Soon after becoming Chief Justice, Marshall revolutionized the manner in which the Supreme Court announced its decisions. Previously, each Justice would author a separate opinion (known as a seriatim opinion). Under Marshall, however, the Supreme Court adopted the practice of handing down a single opinion of the Court. As Marshall was almost always the author of this opinion, he essentially became the Court's sole mouthpiece in important cases. His forceful personality allowed him to dominate his fellow Justices; he very rarely found himself on the losing side. (The case of Ogden v. Saunders in 1827 was the sole constitutional case in which he dissented from the majority.)[4]
The first important case of Marshall's career was Marbury v. Madison (1803), in which the Supreme Court invalidated a provision of the Judiciary Act of 1801 on the grounds that it violated the Constitution. Marbury was the first case in which the Supreme Court ruled an act of Congress unconstitutional; it firmly established the doctrine of judicial review. The decision was opposed by President Thomas Jefferson, who lamented that this doctrine made the Constitution "a mere thing of wax in the hands of the judiciary, which they may twist and shape into any form they please."[6]
In 1807, the Chief Justice presided over the trial of former Vice President Aaron Burr for treason. Prior to the trial, President Jefferson condemned Burr and strongly supported conviction.

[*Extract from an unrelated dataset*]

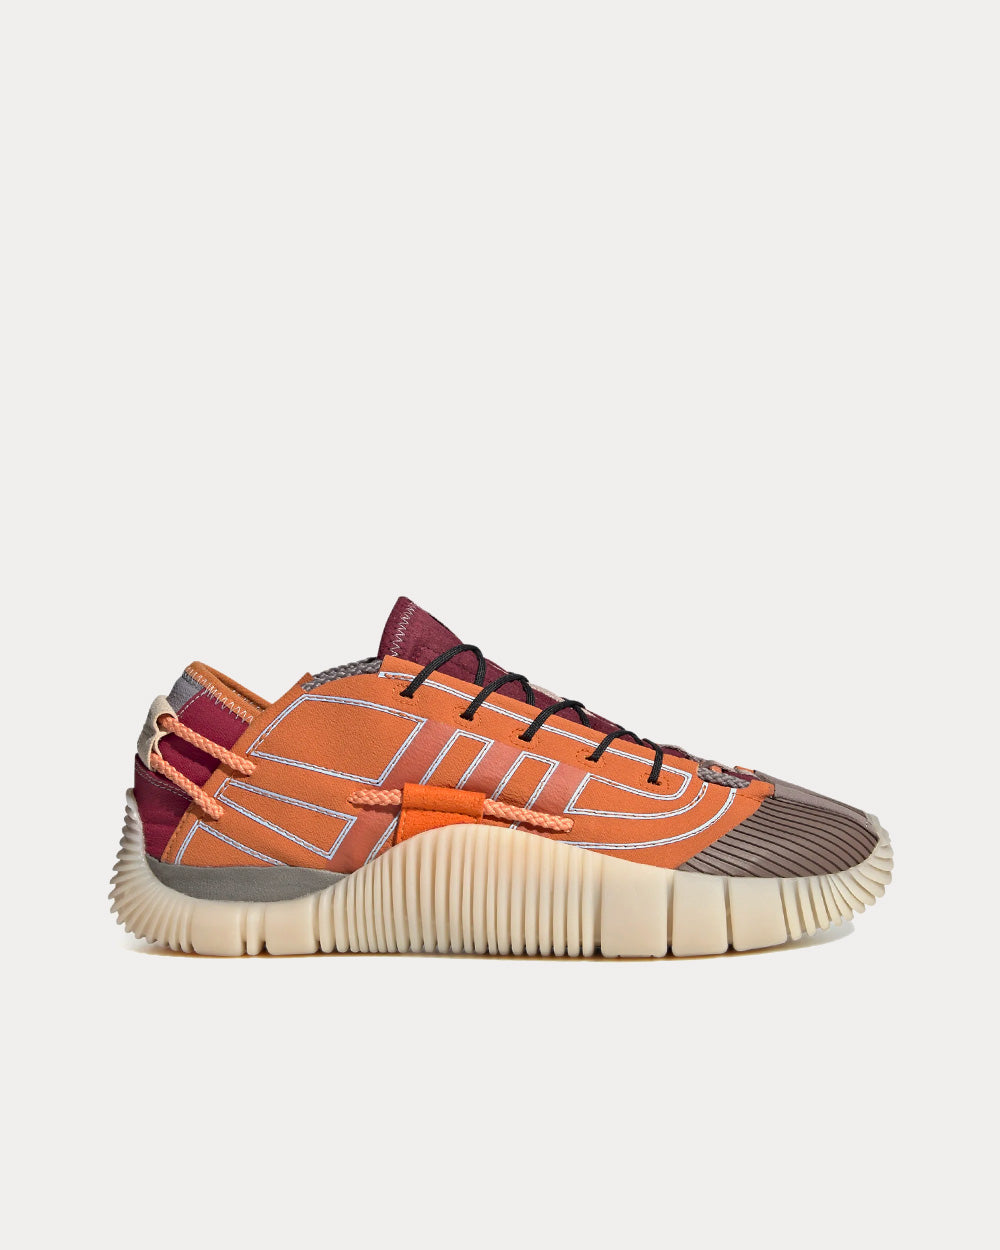 Adidas x Craig Green - Scuba Phormar Tactile Orange Low Top Sneakers

Marshall, however, narrowly construed the definition of treason provided in Article III of the Constitution; he noted that the prosecution had failed to prove that Burr had committed an "overt act," as the Constitution required. As a result, the jury acquitted the defendant, leading to increased animosity between the President and the Chief Justice.[7]
During the 1810s and 1820s, Marshall made a series of decisions involving the balance of power between the federal government and the states. He repeatedly affirmed federal supremacy; for example, he established in McCulloch v. Maryland (1819) that states could not tax federal institutions, and in Cohens v. Virginia (1821) that the federal judiciary could hear appeals from decisions of state courts. Justices Bushrod Washington and Joseph Story proved to be his strongest allies in these cases.

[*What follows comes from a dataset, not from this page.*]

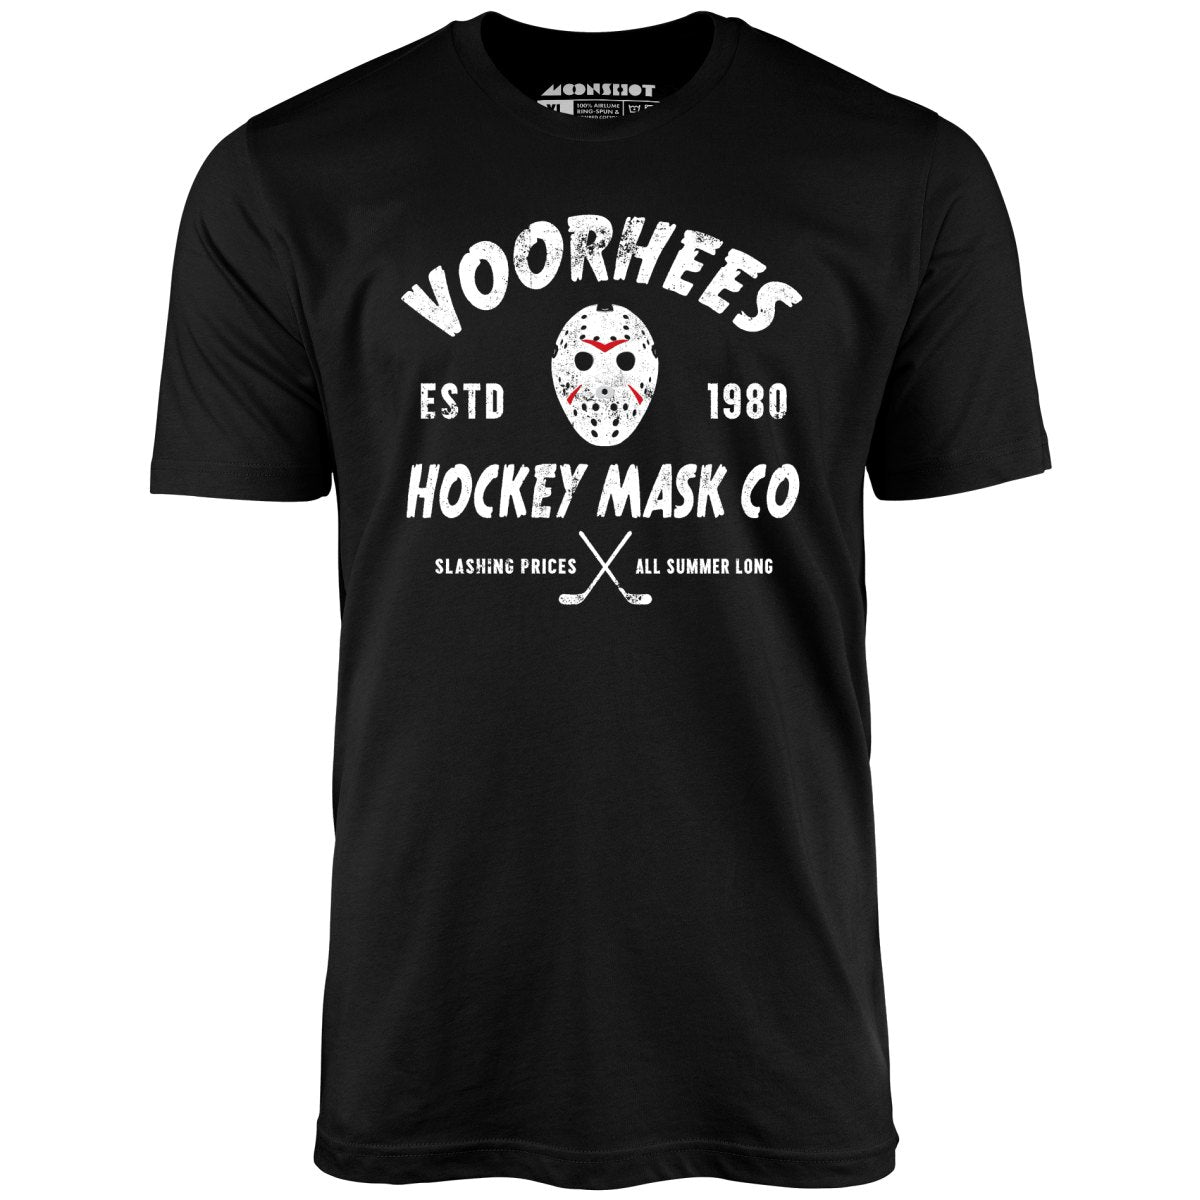 Voorhees Hockey Mask Co. - Unisex T-Shirt

In the United States Supreme Court, Marshall made his greatest contributions to the development of American government. Then, as the young nation was endangered by regional and local interests which often threatened to fracture its hard-fought unity, Marshall again and again interpreted the Constitution broadly so that the Federal Government had the power to become a respected and creative force guiding and encouraging the nation's growth. For practical purposes, the Constitution in its most important aspects today is the Constitution as John Marshall interpreted it. As Chief Justice, he embodied the majesty of the judiciary of the government as fully as the President of the United States stood for the power of the Executive Branch.
Marshall wrote several important Supreme Court opinions, including:
- Marbury v. Madison, 5 U.S. (1 Cranch) 137 (1803)
- Fletcher v. Peck, 10 U.S. 87 (1810)
- McCulloch v. Maryland, 17 U.S. 316 (1819)
- Dartmouth College v. Woodward, 17 U.S. 518 (1819)
- Cohens v. Virginia, 19 U.S. 264 (1821)
- Gibbons v. Ogden, 22 U.S. 1 (1824)
- Worcester v. Georgia, 31 U.S. 515 (1832)
Marshall served as Chief Justice through all or part of six Presidential administrations (John Adams, Thomas Jefferson, James Madison, James Monroe, John Quincy Adams and Andrew Jackson), and remained a stalwart proponent of Federalism and nemesis of the Jeffersonian school of government throughout its heyday.
Later life and legacy
He never had to remain in Washington for more than three months. During the rest of the year, with the exception of a visit to Raleigh, North Carolina, which his duties as circuit judge required him to make, and a visit to his old home in Fauquier County, he lived in Richmond on Shockhoe Hill. Furthermore, Marshall's career, following his appointment to the Court and excepting his monumental contribution to that body, was relatively uneventful.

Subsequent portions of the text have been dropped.